Gambling firms have to now think about the long term goals here. The old ways are becoming less profitable and don’t have the same appeal for the general public. Instead, operators have to focus their efforts on something more interactive, and something that fans can engage with beyond the 90 minutes of a football match. Previously, a lot of the emphasis was on winning over new players and gaining customers from other brands. The goal was really about finding those fresh sports fans with welcome bonuses, seasonal games, and promotional offers to beat the competition.

Engagement, Content and Interactive Experiences
Beating the competition is still important here, but now the goal is not to bring in as many users as possible. With limited ads and welcome bonus initiatives, the emphasis should turn to player retention and winning loyalty. Instead of meaty sign up bonuses, the focus should turn to creating engaging in-house content hubs, exclusive benefits and tiered rewards for longterm users, and more quick mobile functionality. UK brands could learn from top American sportsbooks like Caesars and BetMGM that have associated VIP rewards tied to their casino resorts. Or, the likes of DraftKings and FanDuel which have unique TV networks, podcasts and content for sports bettors. Or, take on the Fanatics approach and tie betting products to sports merch, with a loyalty system that can see users earn rewards from buying merch to use on sports betting – or vice versa.
The driving force here is to build something that goes beyond betting, and in a way that captivates the UK public.

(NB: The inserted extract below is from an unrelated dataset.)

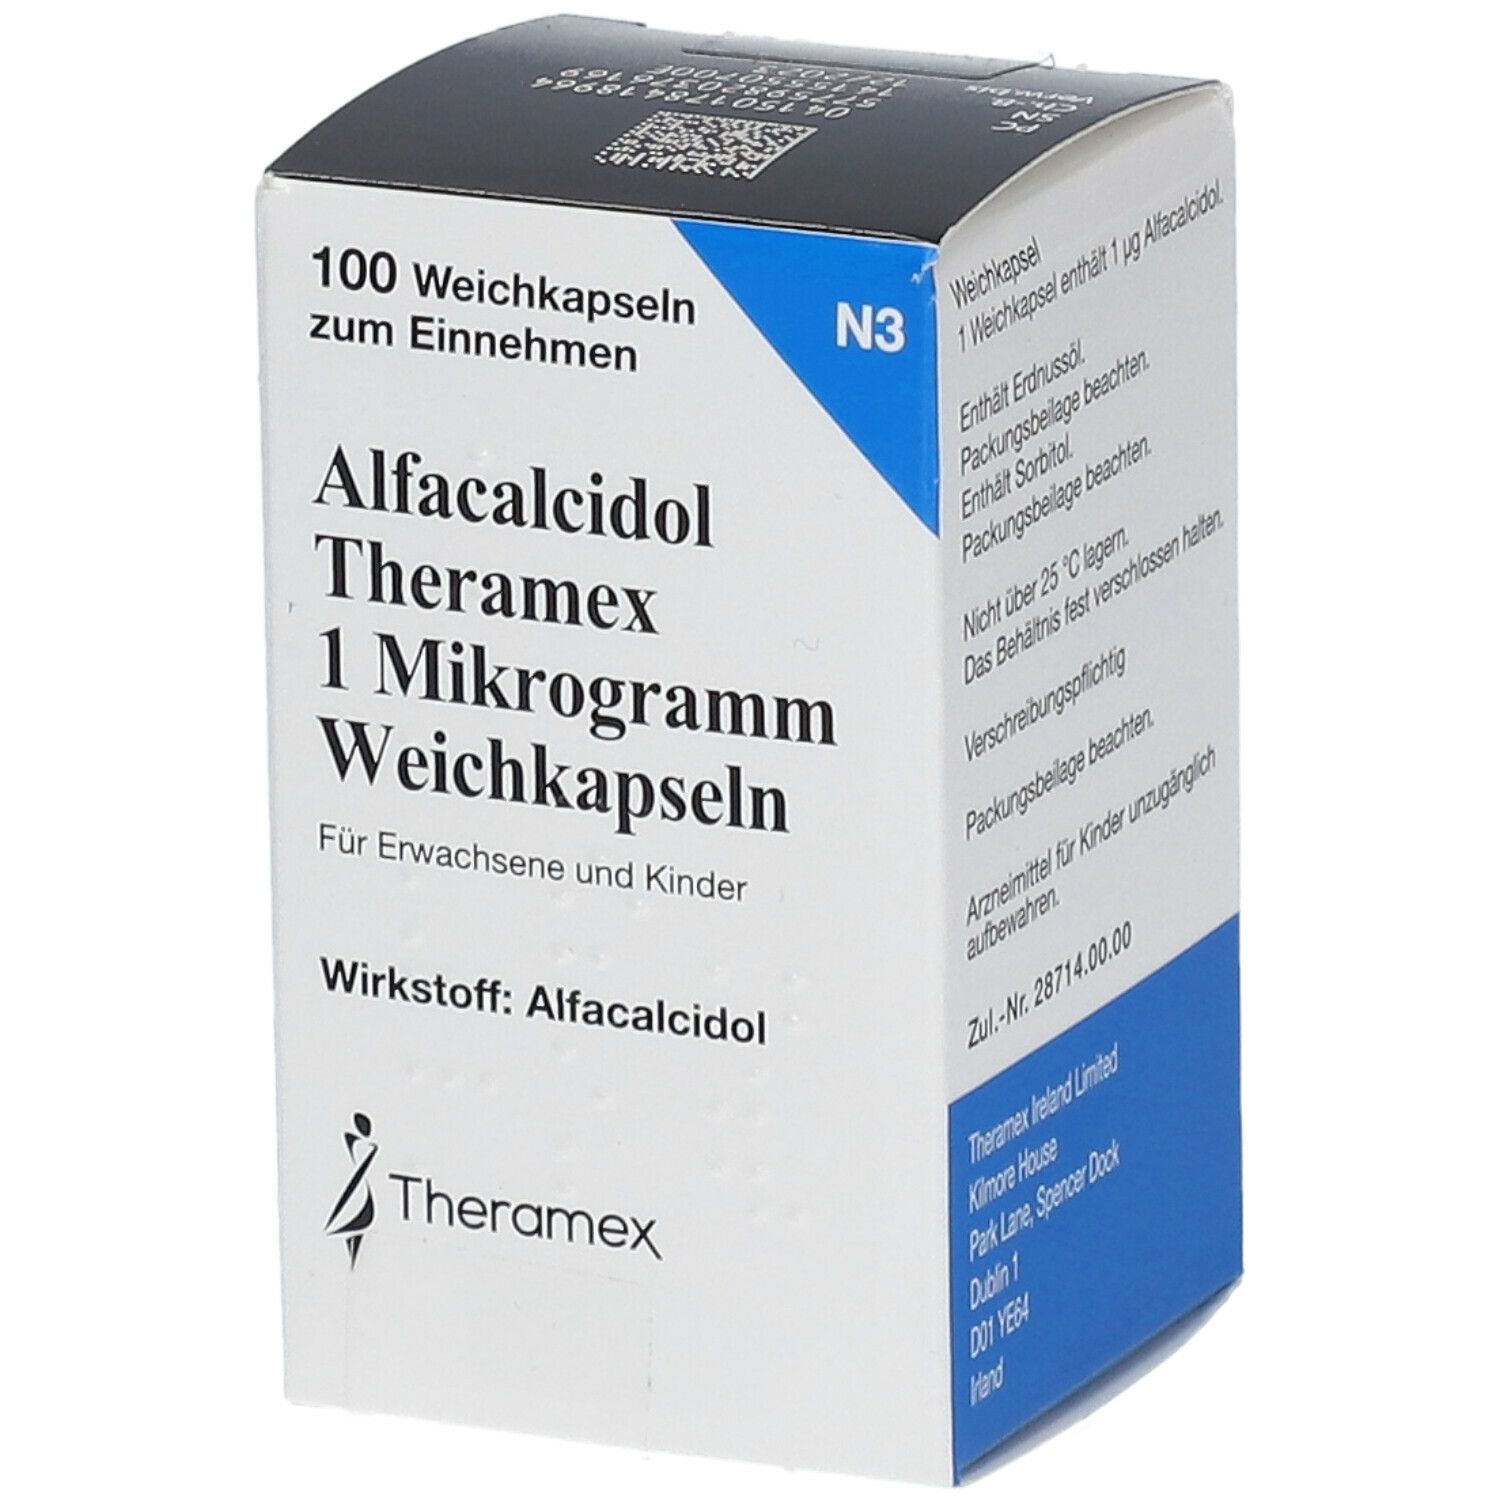 Alfacalcidol Theramex 1 Mikrogramm Weichkapseln
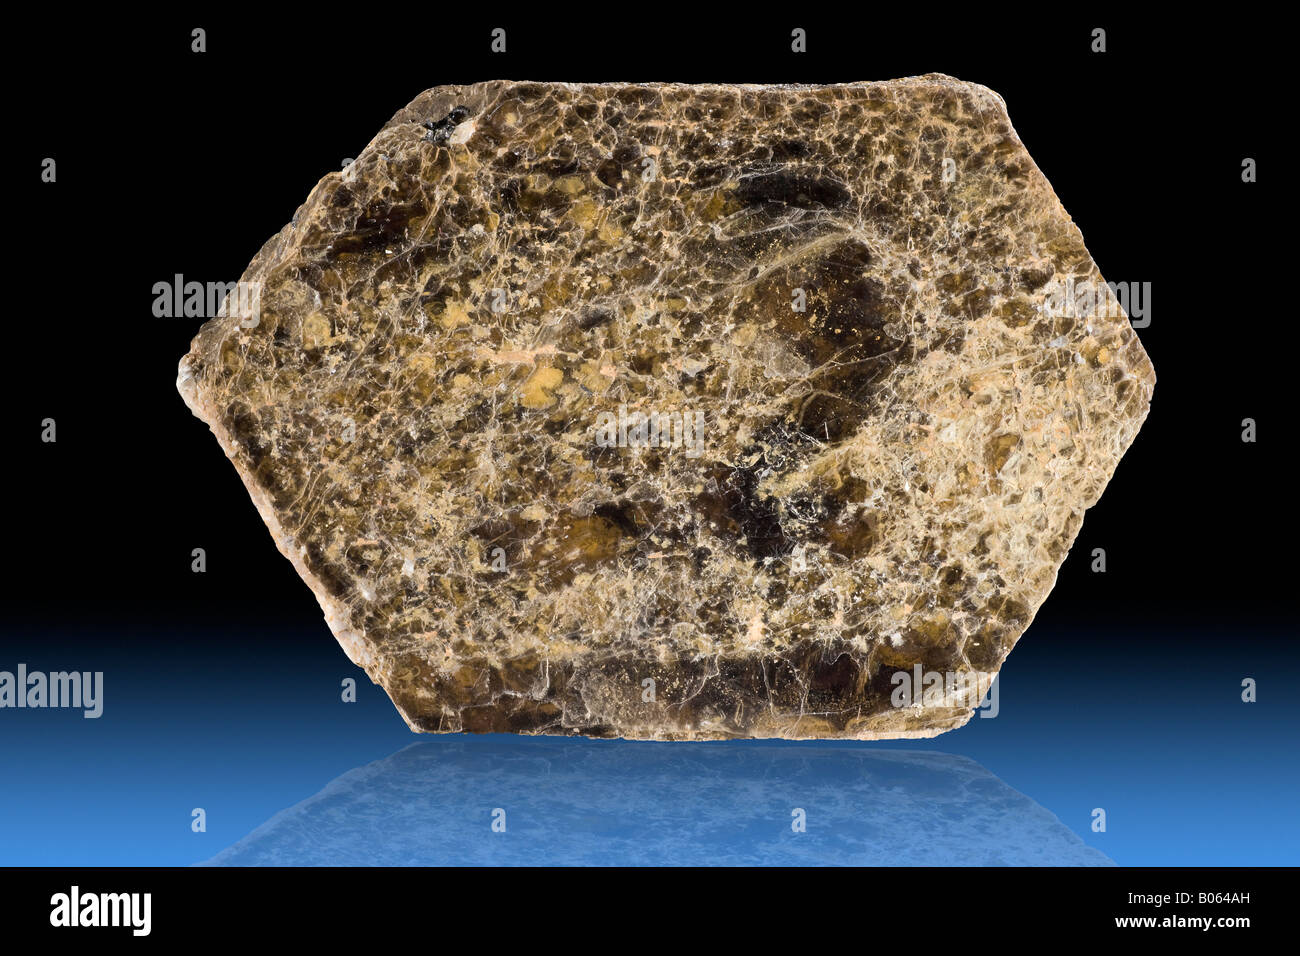 Minerali di mica immagini e fotografie stock ad alta risoluzione - Alamy

What works in America may not exactly transfer seamlessly to the UK, but similar player-centric experiences and gamified sports betting products can certainly boost the gambling operators’ chances. Plus, utilizing channels such as social media and streamers not just to promote brand visibility but as a driver to engage users, could be a way to stay ahead and monetize alternative sources of engagement, plus win longterm loyalty to offset the ever reducing impact of gambling ads.